Question

A 6.90 M solution of KOH in water solution contains 30% by mass of KOH. Calculate the density of the solution.
(A) $1.288g\text{ m}{{\text{L}}^{-1}}$
(B) $1.578g\text{ m}{{\text{L}}^{-1}}$
(C) $1.008g\text{ m}{{\text{L}}^{-1}}$
(D) $1.608g\text{ m}{{\text{L}}^{-1}}$

Answer 1

Hint: density can be calculated by taking the ratio of Mass and density. When one mole of solute is dissolved in 1 litre of solution, 1 Molar solution is obtained. 30% by mass of KOH indicates 30g of KOH is dissolved in 100g of solution.

Complete step by step solution:
-When one mole of solute is dissolved in 1 Liter of the solution, one Molar of the solution is obtained.
So one Molar solution of KOH is obtained, one mole of KOH is dissolved in 1 litre of solution, so 6.9M solution will have 6.9 moles of KOH present in 1 litre of solution.
-One mole of KOH is equal to the Molar mass of KOH. The molar mass of KOH is equal to 56g
So, As one mole of KOH is equal to 56g of KOH, so 6.9 moles of KOH will be 386.4g.
30% solution indicates 30g of KOH is present in 100g of solution.
-AS 30g of KOH is present in $100g$ of the solution, so $386.4g$ of $KOH$ will be present in 1288g of solution.
The density of the KOH solution can be calculated by dividing mass to volume.
So,
Density of KOH=\[\dfrac{Mass}{Volume}=\dfrac{1288}{1000}=1.288g/c{{m}^{3}}\]

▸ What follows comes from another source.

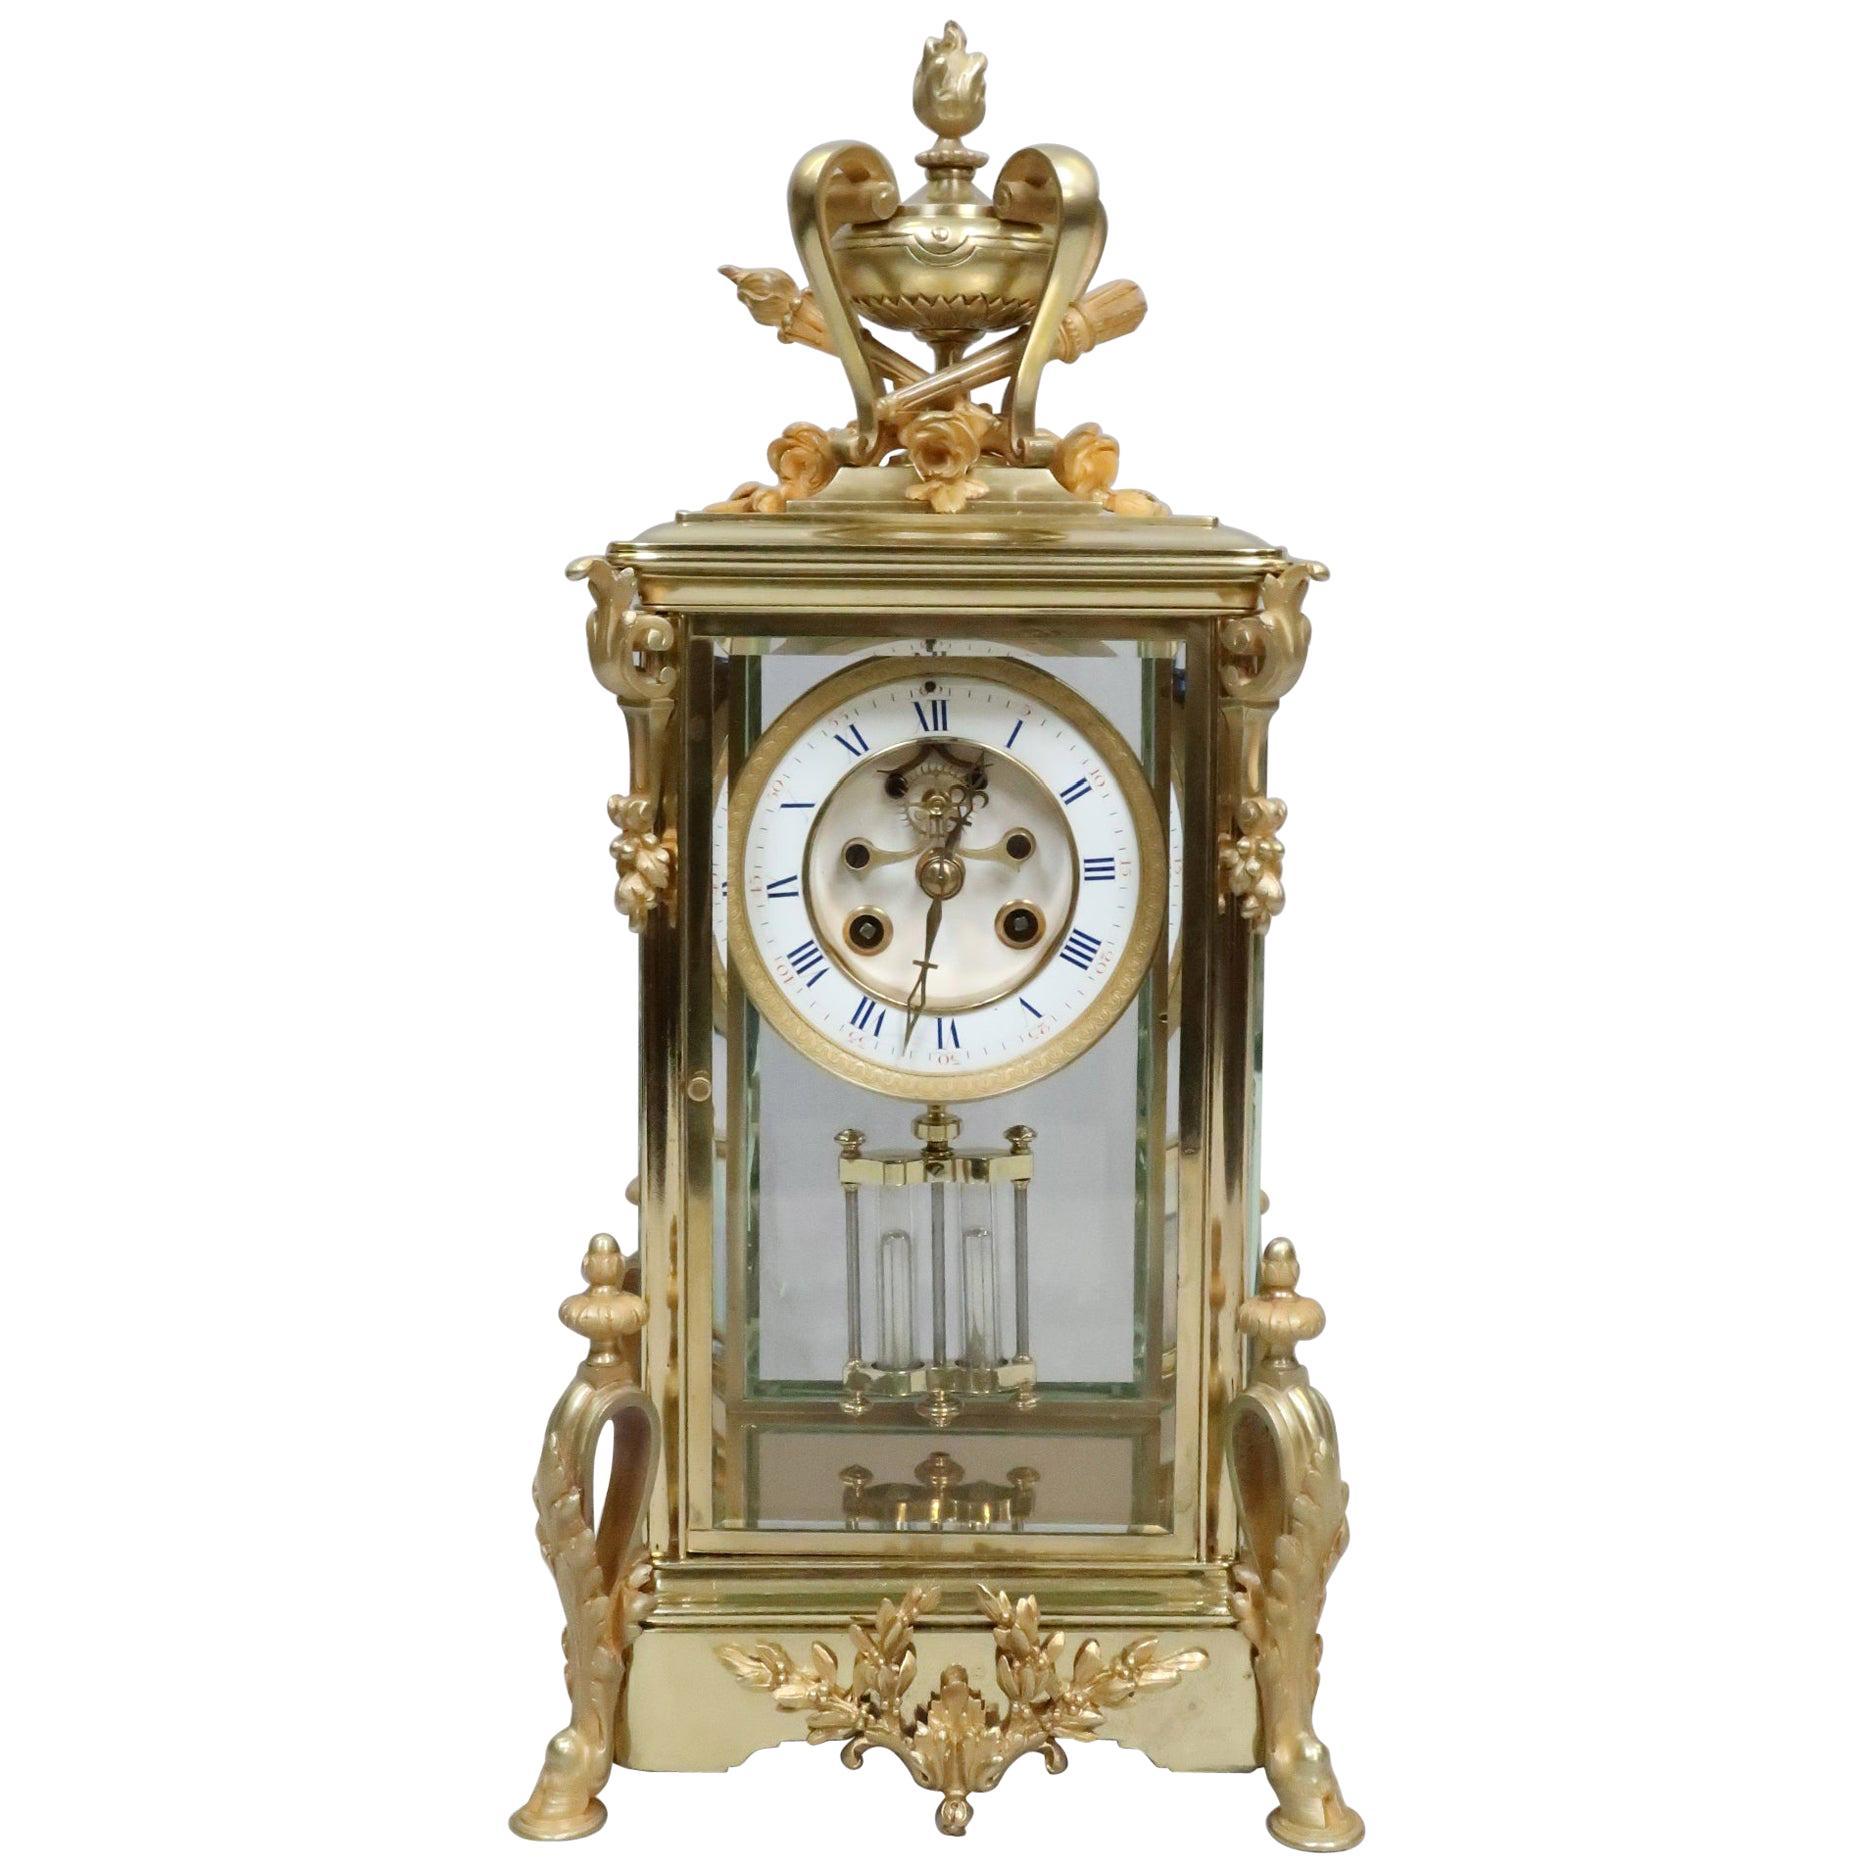 Handmade pendulum clock fine polished case 63 cm tall
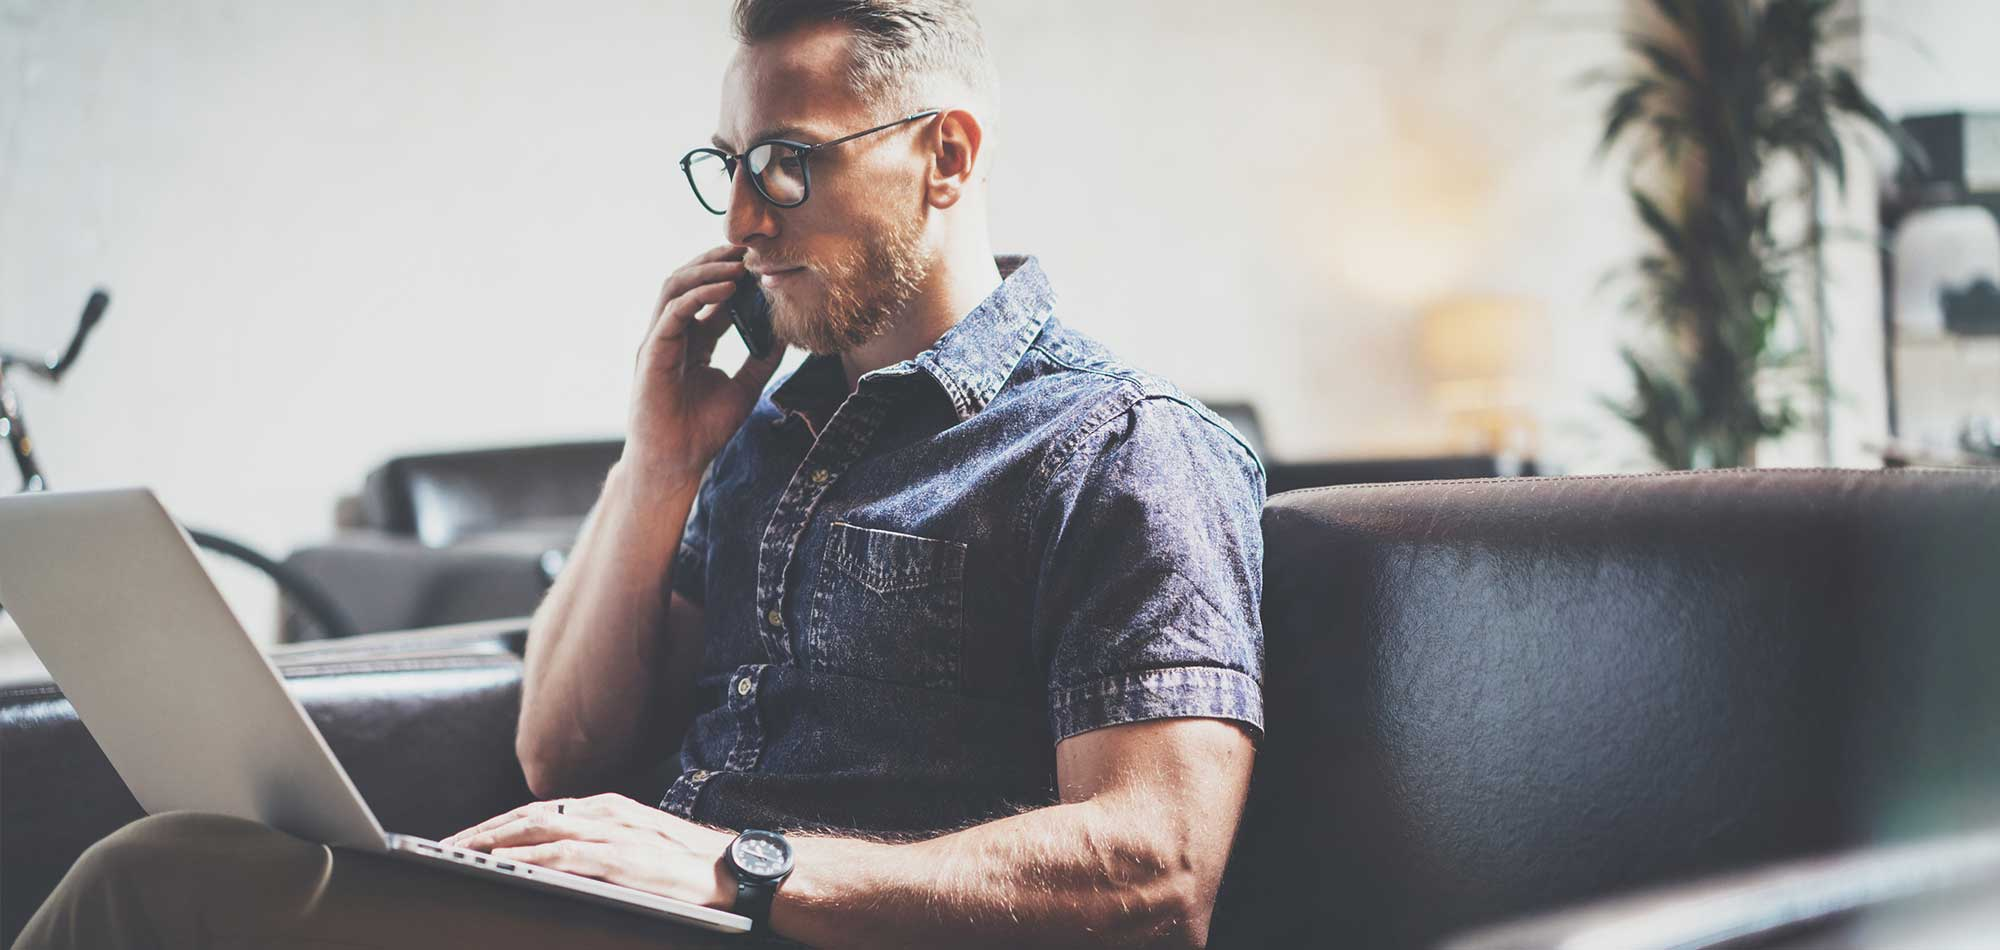 How To Design an Enterprise-Grade Wi-Fi Network

The density of the solution (A) $1.288g\text{ m}{{\text{L}}^{-1}}$.

Note: 30% by mass of KOH indicates 30g of KOH is dissolved in 100g of solution. Density can be also calculated using this method. In 100g of the solution, 30g of KOH is present. So $\dfrac{100}{d}mL$ solution will contain $\dfrac{30}{56}$ mol KOH. So, density can be calculated as
Molarity=6.90 = $\dfrac{30}{56}\times \dfrac{d}{100}\times 1000$